В это время подошел негодяй боцман и сказал мне, ударив меня плетью:

– Что ты говоришь тут сквозь зубы, собака?

Я промолчал, чтобы он не повторил удара.

Сеньор Марсело Дориа,[357] – ибо он был генералом, – движимый состраданием, сказал, чтобы со мной не обращались дурно, пока не выяснится, кто я. Я, увидя открывшийся путь к сочувствию, обратился к нему:

– Так как естественная защита предоставлена всем, то я умоляю ваше превосходительство, чтобы она была предоставлена и мне, потому что я уверен, что когда ваше превосходительство узнает, кто я, то я не только не пострадаю в руках такого знатного вельможи, но даже возлагаю надежду на Бога, что мне будет оказана почесть большая, чем я заслуживаю. В Генуе и даже на этой галере я представлю свидетелей, которые знали меня в столице католического короля, в то время как этот ренегат совершал набеги и опустошал все эти берега, – и одним из этих свидетелей будет посол, сеньор Хулио Эспинола.[358]

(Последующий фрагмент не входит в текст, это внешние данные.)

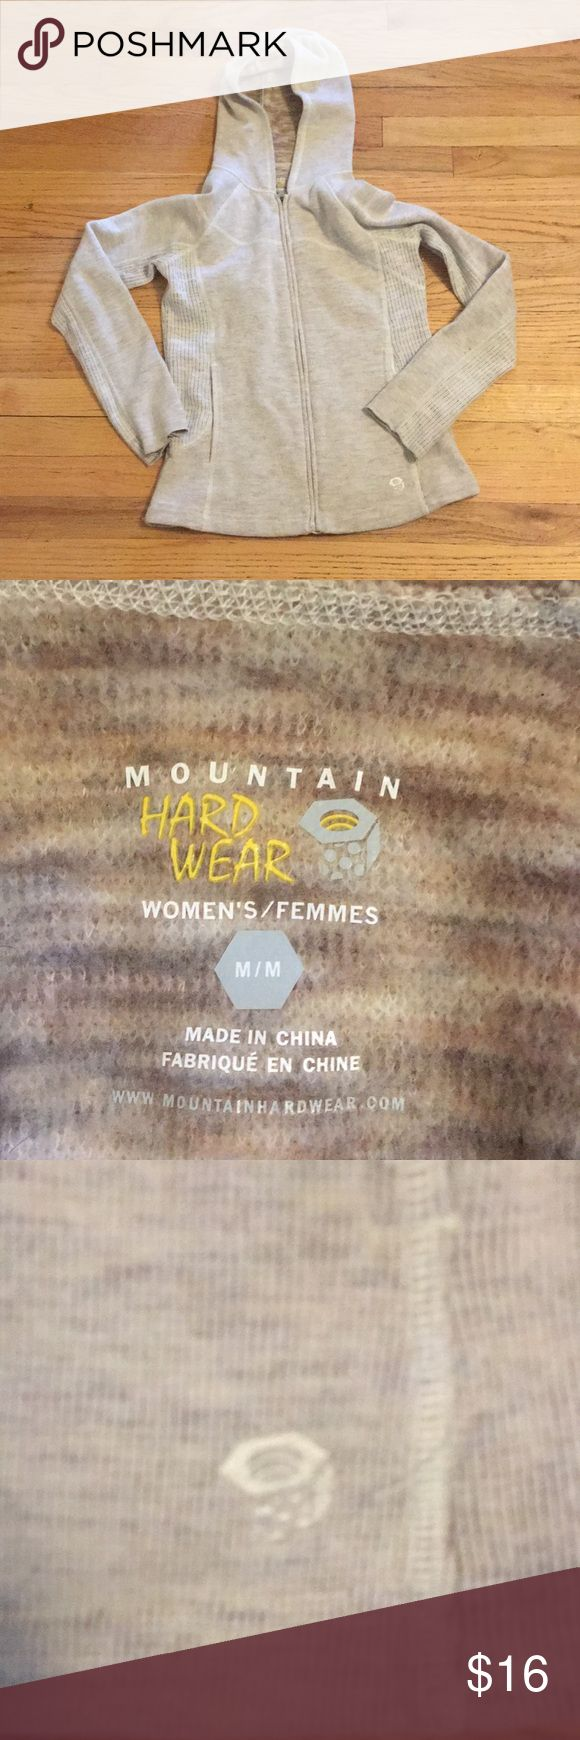 Mountain hardware zip up sweater hoodie Sized medium. GUC. Mountain Hardwear Tops Sweatshirts & Hoodies

Он приказал развязать меня и заговорил со мной, расспрашивая меня обо всем, что он хотел знать о ренегате. Я сказал ему о хитрости, при помощи которой тот ускользнул, чем я до некоторой степени разрешил сомнение в моей личности, он же возложил большую вину на тех, которые не продолжали погони.

Я вернулся в свой уголок – хотя уже не со связанными руками – и уселся на корточках, закрыв обеими руками лицо и опершись локтями на колени, чтобы меня не узнал музыкант, и стал думать о тысяче вещей.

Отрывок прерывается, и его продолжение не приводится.